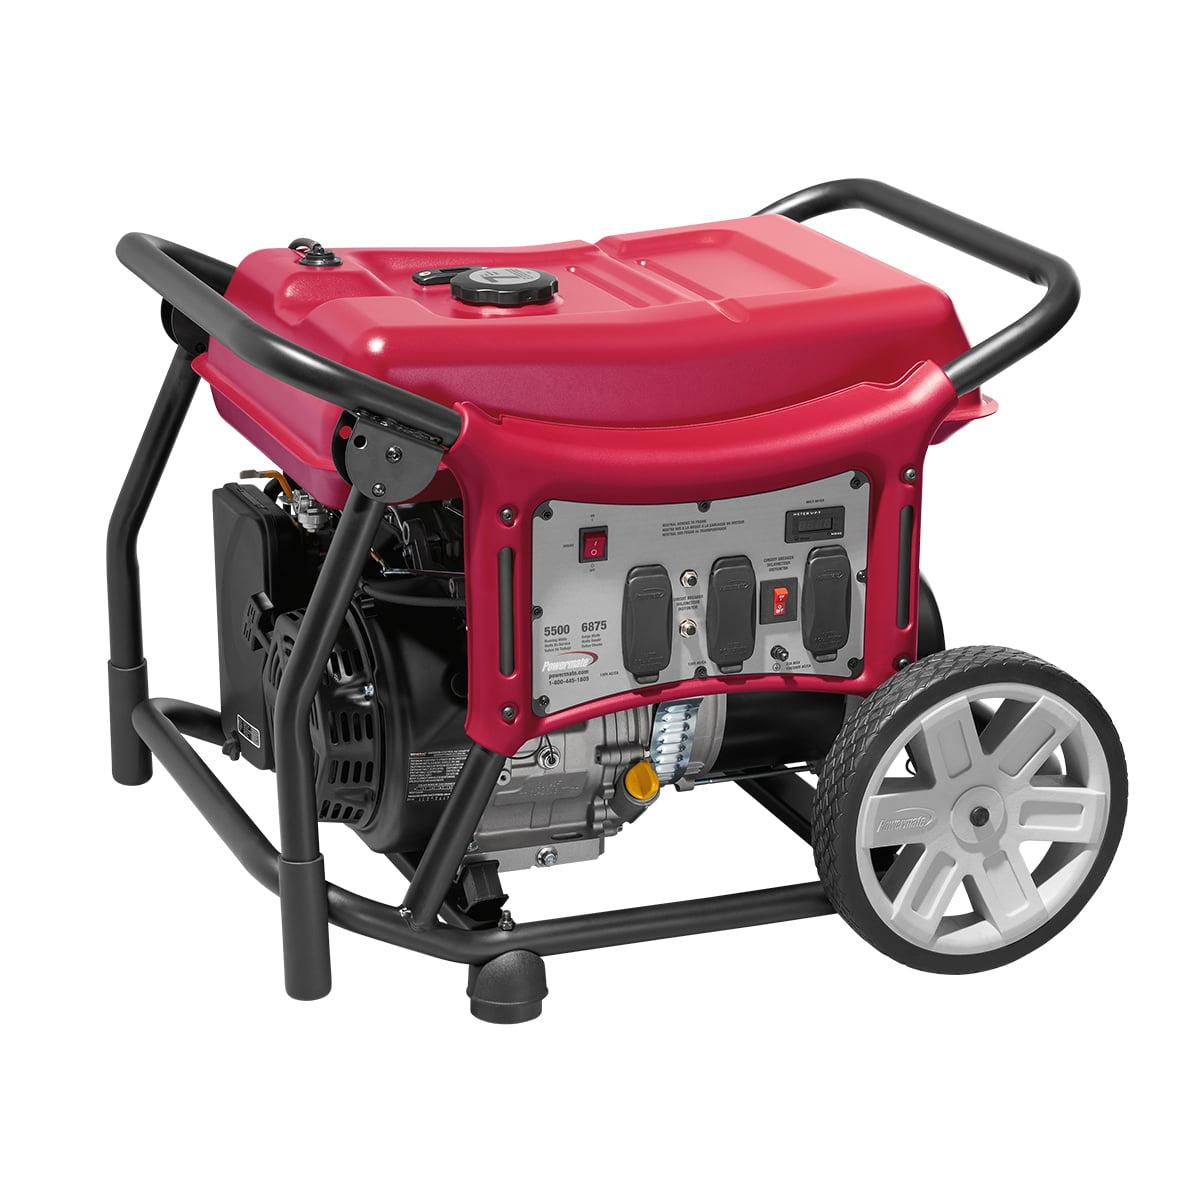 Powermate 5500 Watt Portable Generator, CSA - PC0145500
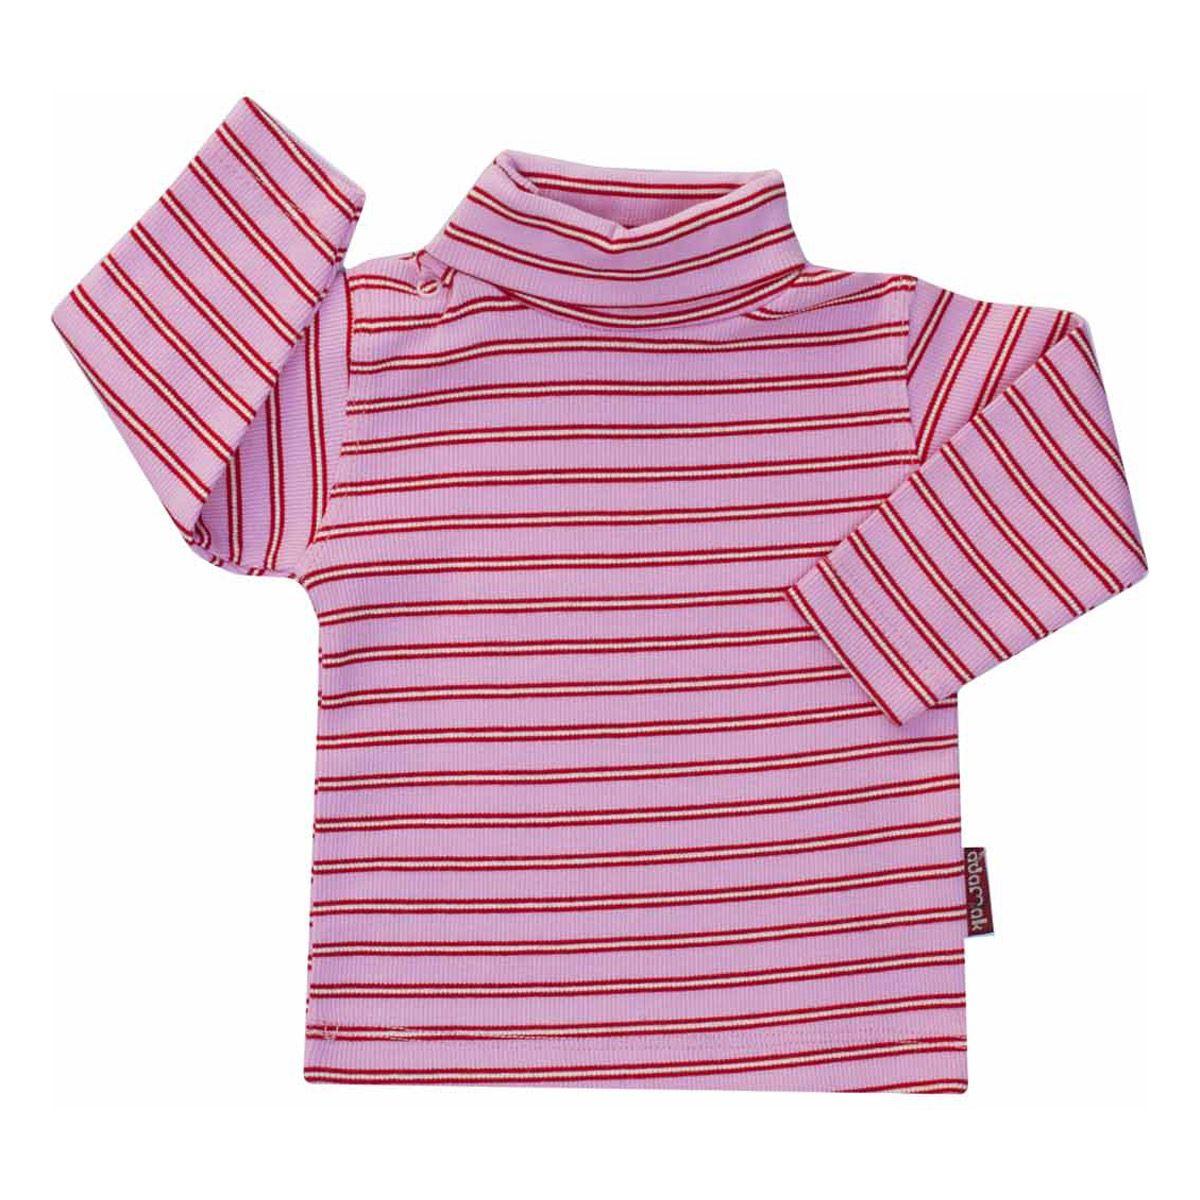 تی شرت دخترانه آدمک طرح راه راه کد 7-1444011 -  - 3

...

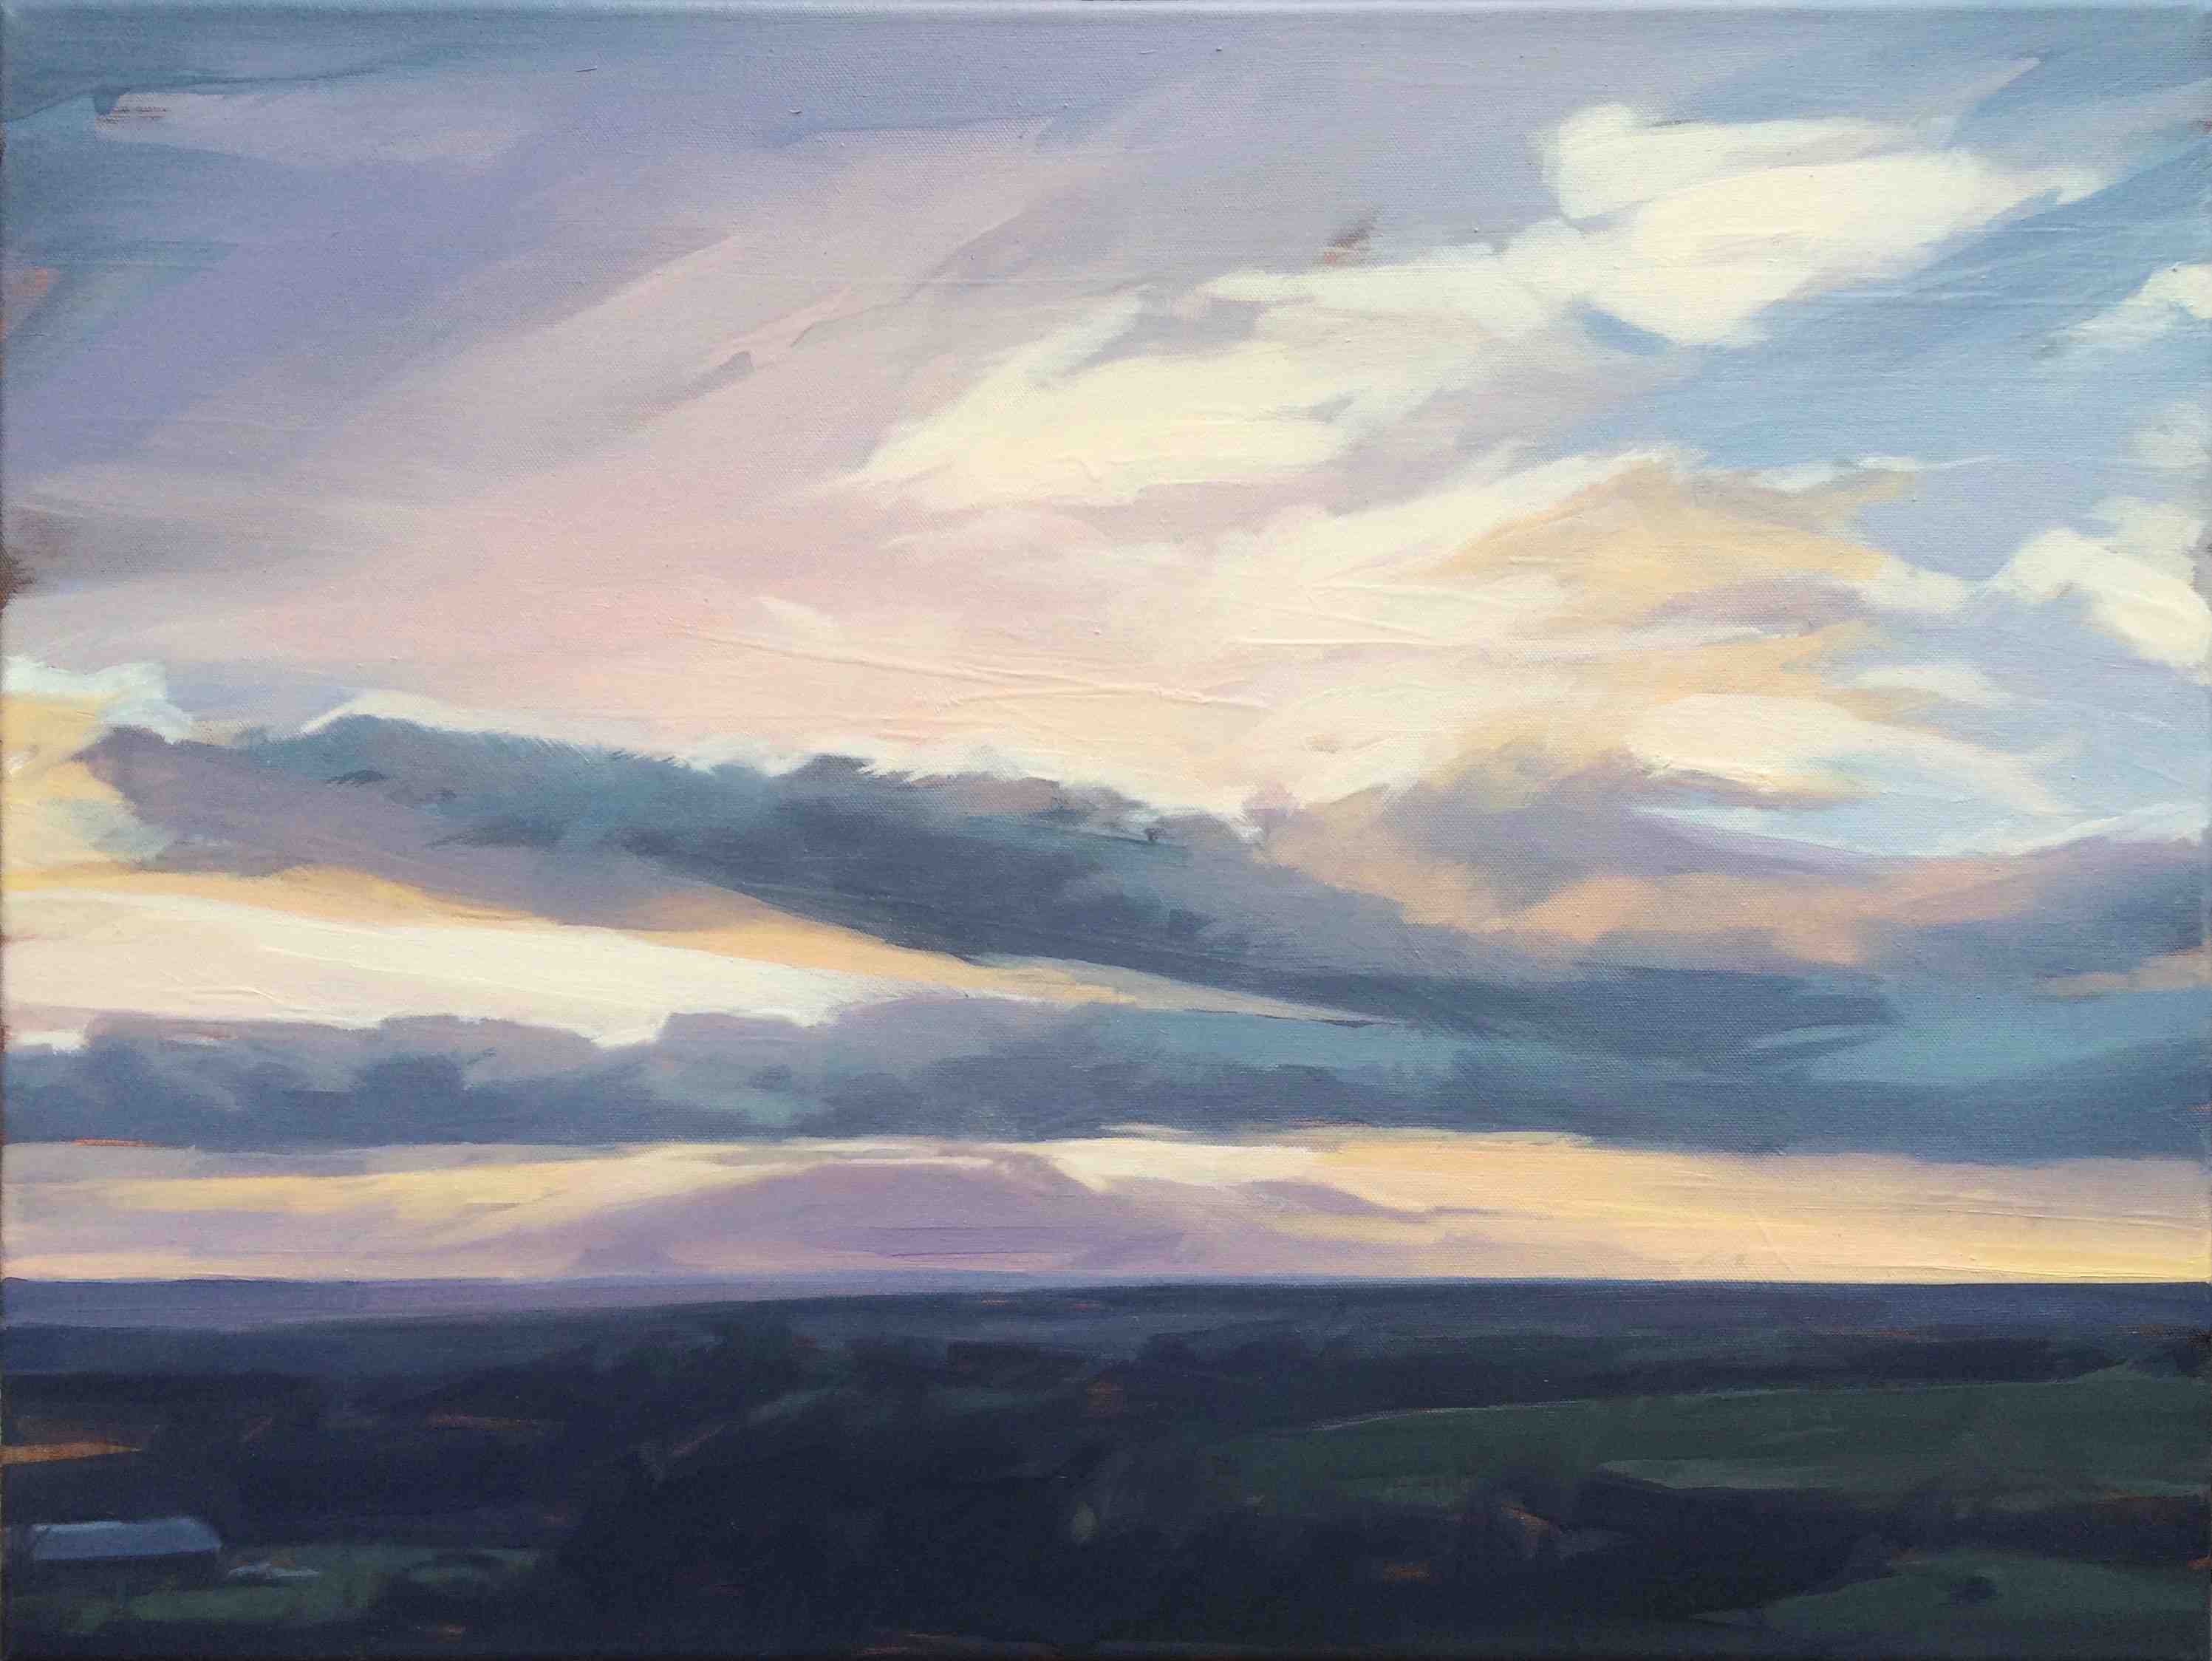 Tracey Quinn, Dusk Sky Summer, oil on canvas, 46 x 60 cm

---

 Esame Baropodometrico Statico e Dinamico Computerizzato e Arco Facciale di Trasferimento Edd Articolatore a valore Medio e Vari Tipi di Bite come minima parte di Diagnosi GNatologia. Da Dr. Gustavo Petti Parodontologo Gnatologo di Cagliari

Exercise requirements — Look above for the line with "Powermate 5500 Watt"; quote it and every line after it, stopping after the line with "تی شرت دخترانه", exactly, with nothing added and without pictures.

Solved problem —
 Powermate 5500 Watt Portable Generator, CSA - PC0145500
 تی شرت دخترانه آدمک طرح راه راه کد 7-1444011 -  - 3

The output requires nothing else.